Anesthetic complication: Anesthetic complications, indicative of the restoration of neuromuscular function, include movement of a limb or the body or coughing during the anesthetic procedure or during surgery, grimacing, or suckling on the endotracheal tube. (See Light anesthesia under Precautions.)
Recurrence of neuromuscular blockade: In clinical studies with subjects treated with rocuronium or vecuronium, where sugammadex was administered using a dose labeled for the depth of neuromuscular blockade (N=2022), an incidence of 0.20% was observed for recurrence of neuromuscular blockade as based on neuromuscular monitoring or clinical evidence (see Precautions).

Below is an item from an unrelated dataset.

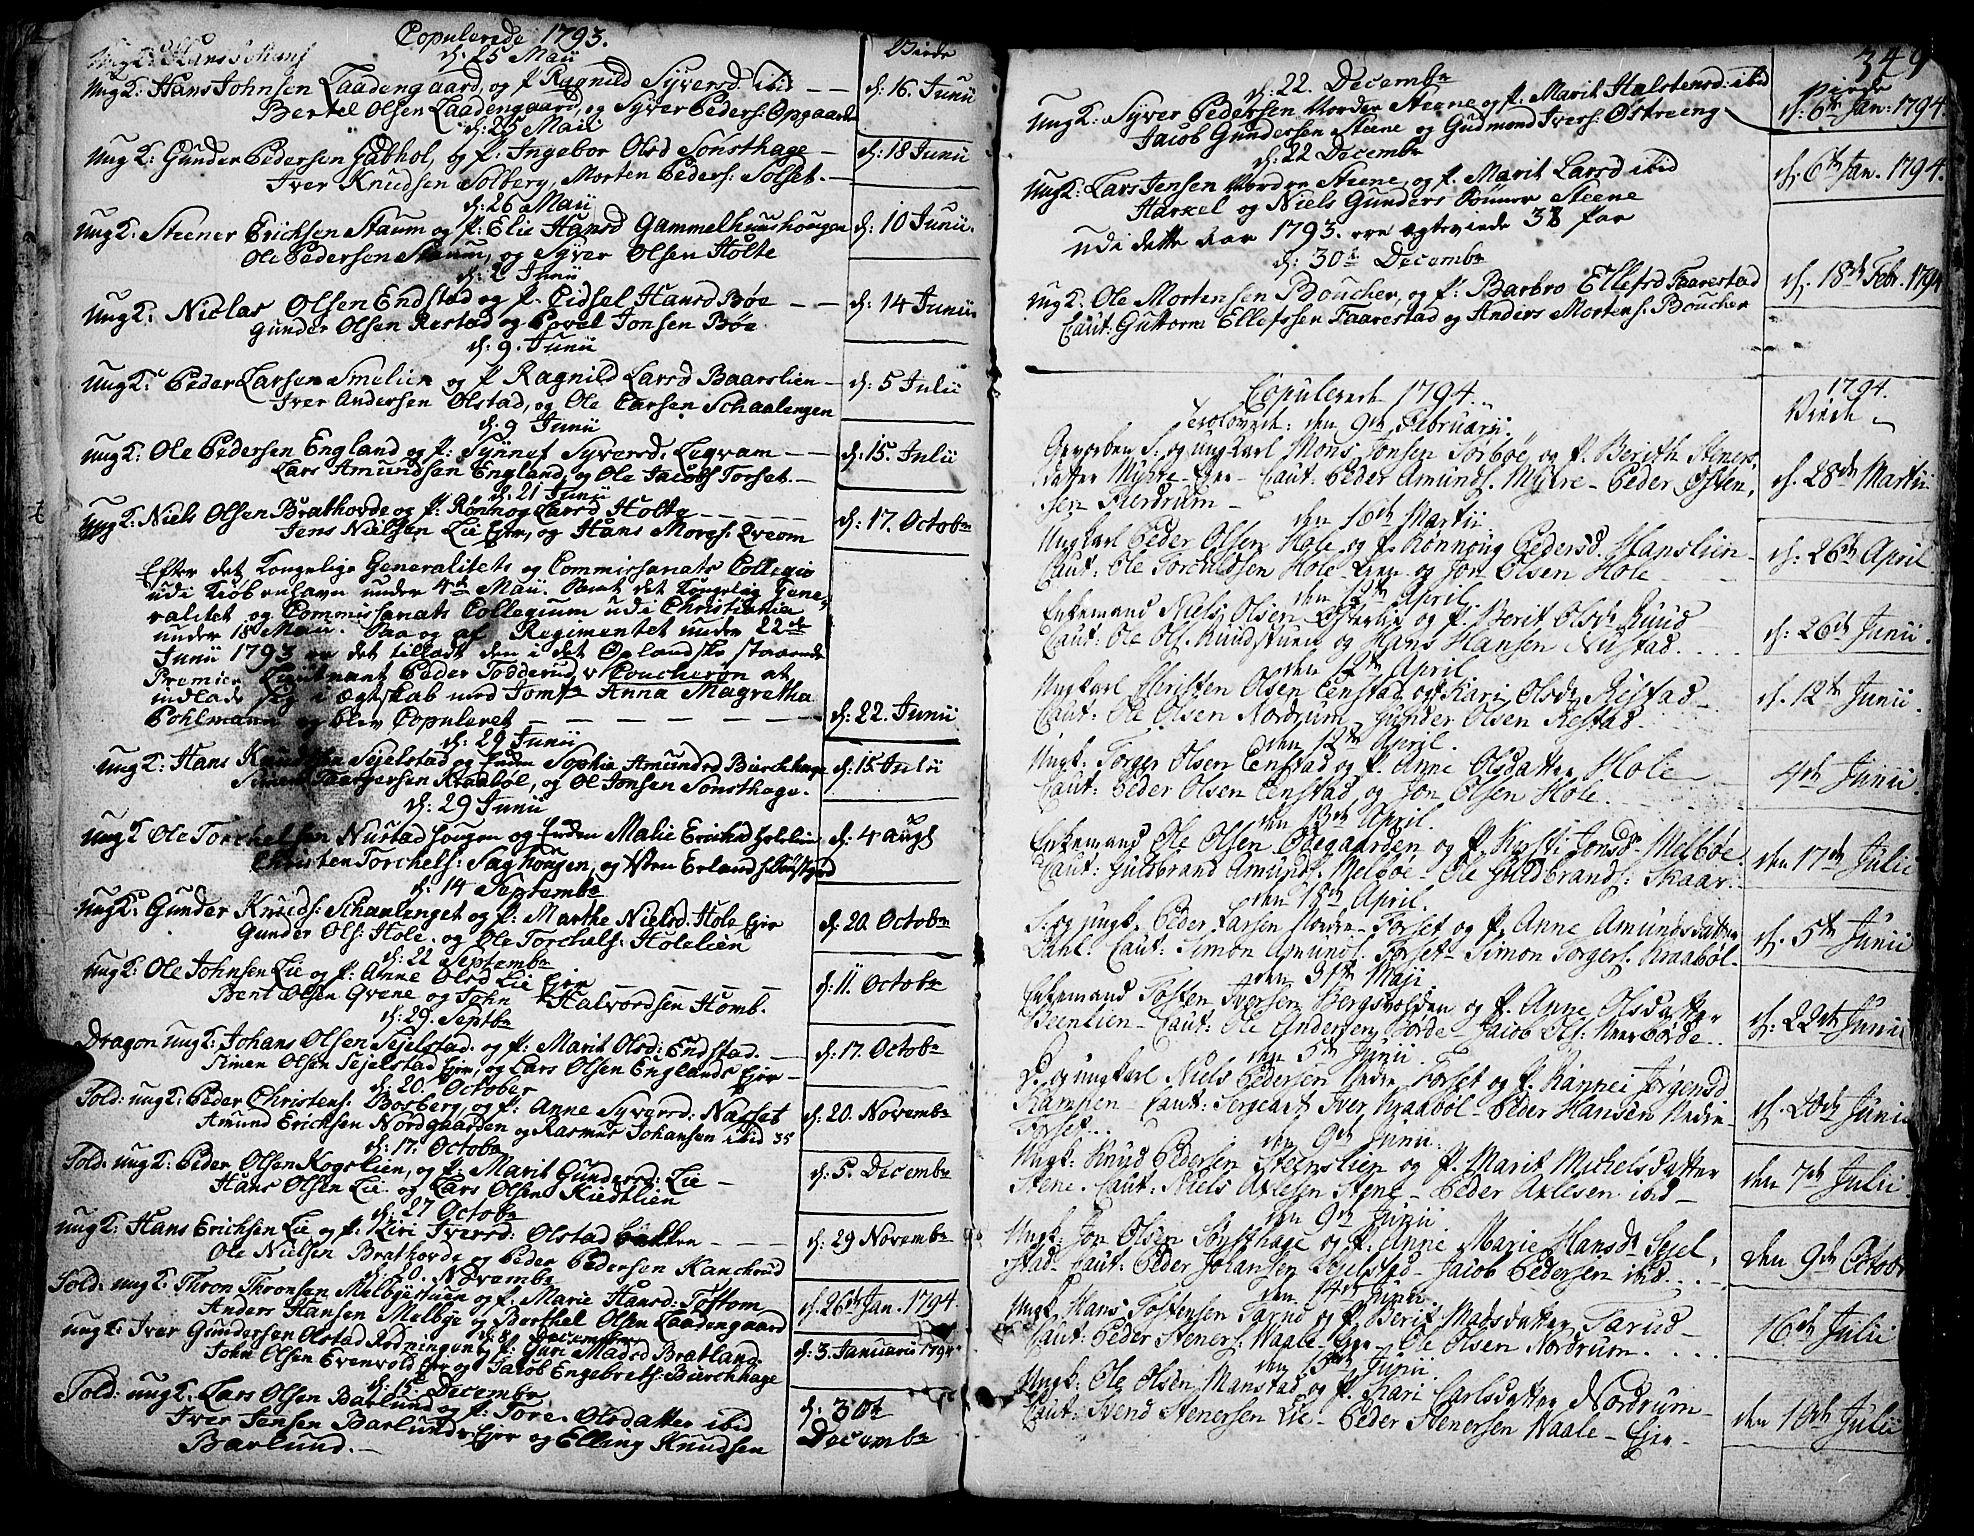 SAH, Gausdal prestekontor, Ministerialbok nr. 3, 1758-1809, s. 349

Procedural Complication: Procedural complications included coughing, tachycardia, bradycardia, movement, and increase in heart rate.
Description of selected adverse reactions: Drug hypersensitivity reactions: Hypersensitivity reactions, including anaphylaxis, have occurred in some patients and volunteers. (for information on volunteers, see Information on healthy volunteers as follows). In clinical trials of surgical patients, these reactions were reported uncommonly and for post-marketing reports the frequency is unknown.
These reactions varied from isolated skin reactions to serious systemic reactions (i.e. anaphylaxis, anaphylactic shock) and have occurred in patients with no prior exposure to sugammadex.
Symptoms associated with these reactions can include: flushing, urticaria, erythematous rash, (severe) hypotension, tachycardia, swelling of tongue, swelling of pharynx, bronchospasm and pulmonary obstructive events. Severe hypersensitivity reactions can be fatal.
Information on healthy volunteers: A randomized, double-blind study examined the incidence of drug hypersensitivity reactions in healthy volunteers given up to 3 repeat doses of placebo (N=76), sugammadex 4 mg/kg (N=151) or sugammadex 16 mg/kg (N=148). Reports of suspected hypersensitivity were adjudicated by a blinded committee. The incidence of adjudicated hypersensitivity was 1.3%, 6.6% and 9.5% in the placebo, sugammadex 4 mg/kg and sugammadex 16 mg/kg groups, respectively. There were no reports of anaphylaxis after placebo or sugammadex 4 mg/kg.
There was a single case of adjudicated anaphylaxis after the first dose of sugammadex 16 mg/kg (incidence 0.7%). There was no evidence of increased frequency or severity of hypersensitivity with repeat dosing of sugammadex.
In a previous study of similar design, there were three adjudicated cases of anaphylaxis, all after sugammadex 16 mg/kg (incidence 2.0%).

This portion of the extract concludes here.